KING COBRA (documented as Doreen Lynette Garner) is a sculptor and performance artist whose practice confronts colonial histories of violence.

KING COBRA (documented as Doreen Lynette Garner) is a sculptor and performance artist whose practice confronts colonial histories of violence. Often made from silicone, pearls, synthetic hair, urethane foam, and other materials, COBRA’s sculptures primarily depict mutilated Black bodies, and frequently expose the medical malpractice and pathological infirmities experienced by Black women in the eighteenth, nineteenth, and early twentieth centuries.

COBRA's sculptures and performances reckon with the myth of white racial purity and biological superiority.
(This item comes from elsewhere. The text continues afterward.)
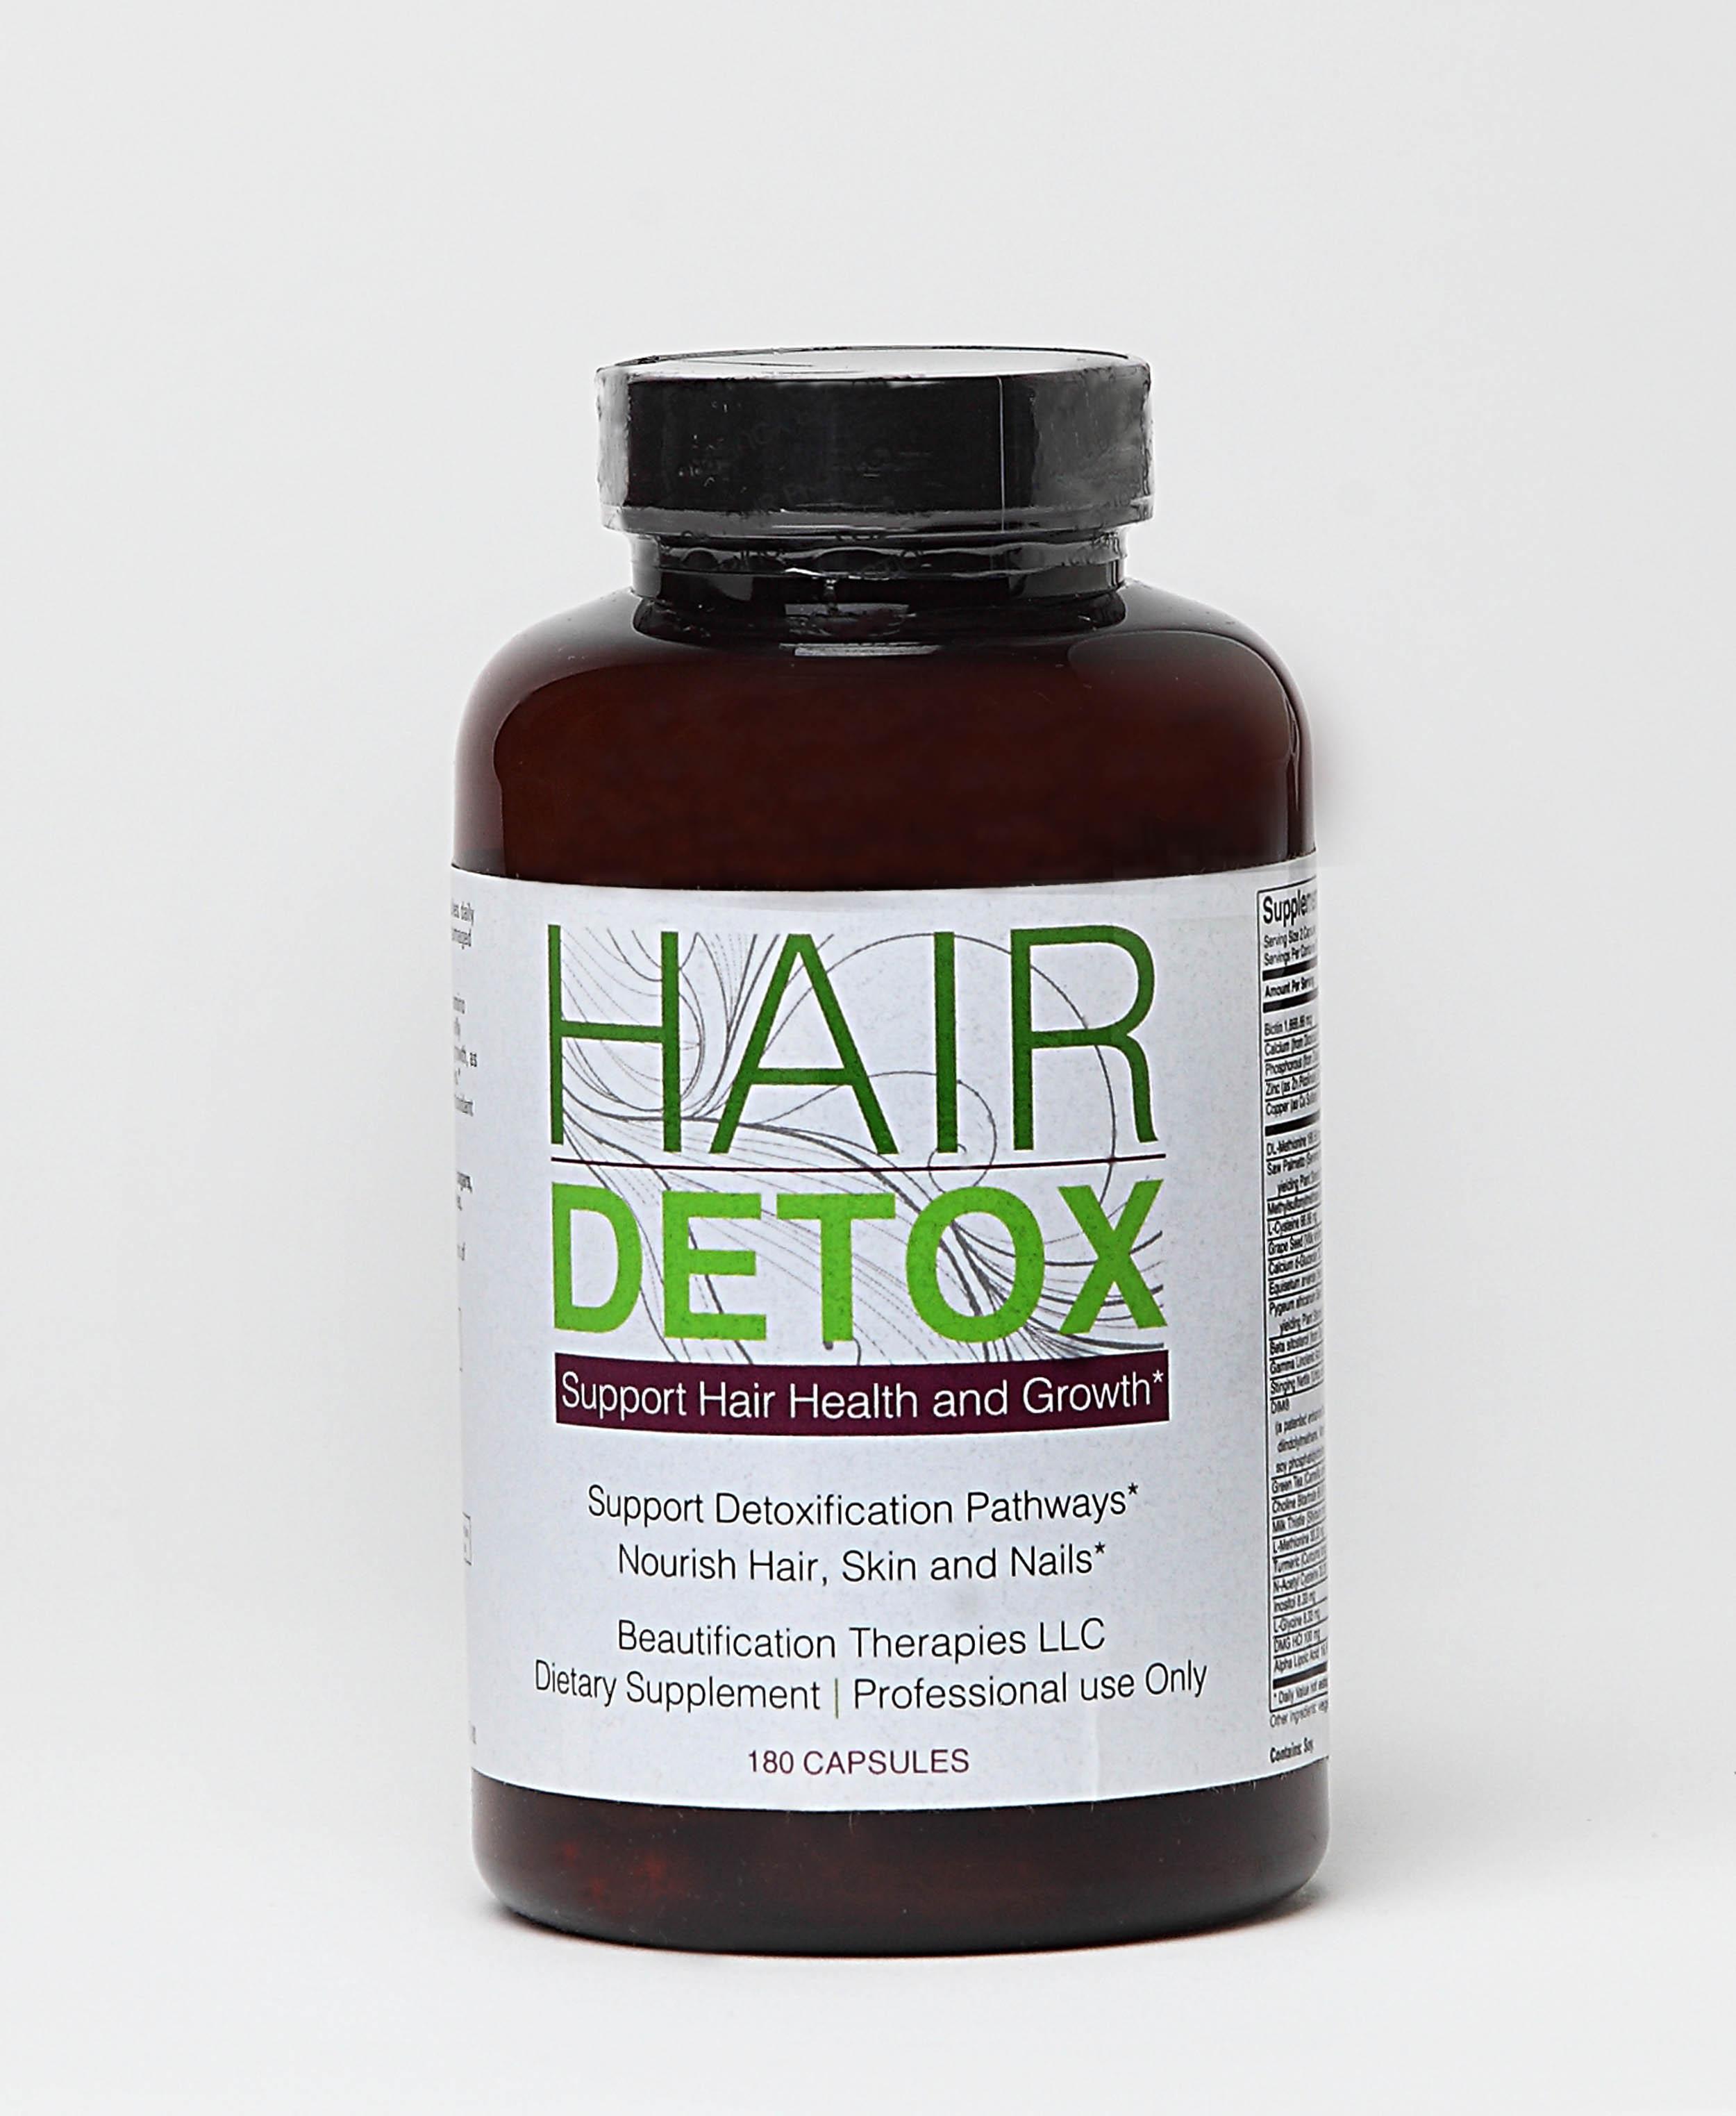 angelo-david-salon-hair-detox-grungecake-thumbnail

Populated with dermal marks of poxes and plagues, these works reference the contagions white colonial settlers spread across the Americas during colonization and the transatlantic slave trade.

As a licensed tattoo artist, COBRA extends her practice to the inscription of her sculptures and the literal human body. Challenging racialized notions of beauty, she rejects the assertion that a white skin is easiest to ink. In her performances, she draws special attention to the senses, highlighting the corporeal precarity and intimate power dynamics inherent in the tattoo process.

COBRA holds a BFA from the Tyler School of Art, an MFA from the Rhode Island School of Design, and attended the Skowhegan School of Painting and Sculpture. Her work has been the subject of solo and group exhibitions at Socrates Sculpture Park, Abron Arts Center, Pioneer Works, the National Museum of African American History and Culture, MoMA PS1, and the New Museum. Her work first entered the Studio Museum in Harlem collection in 2021.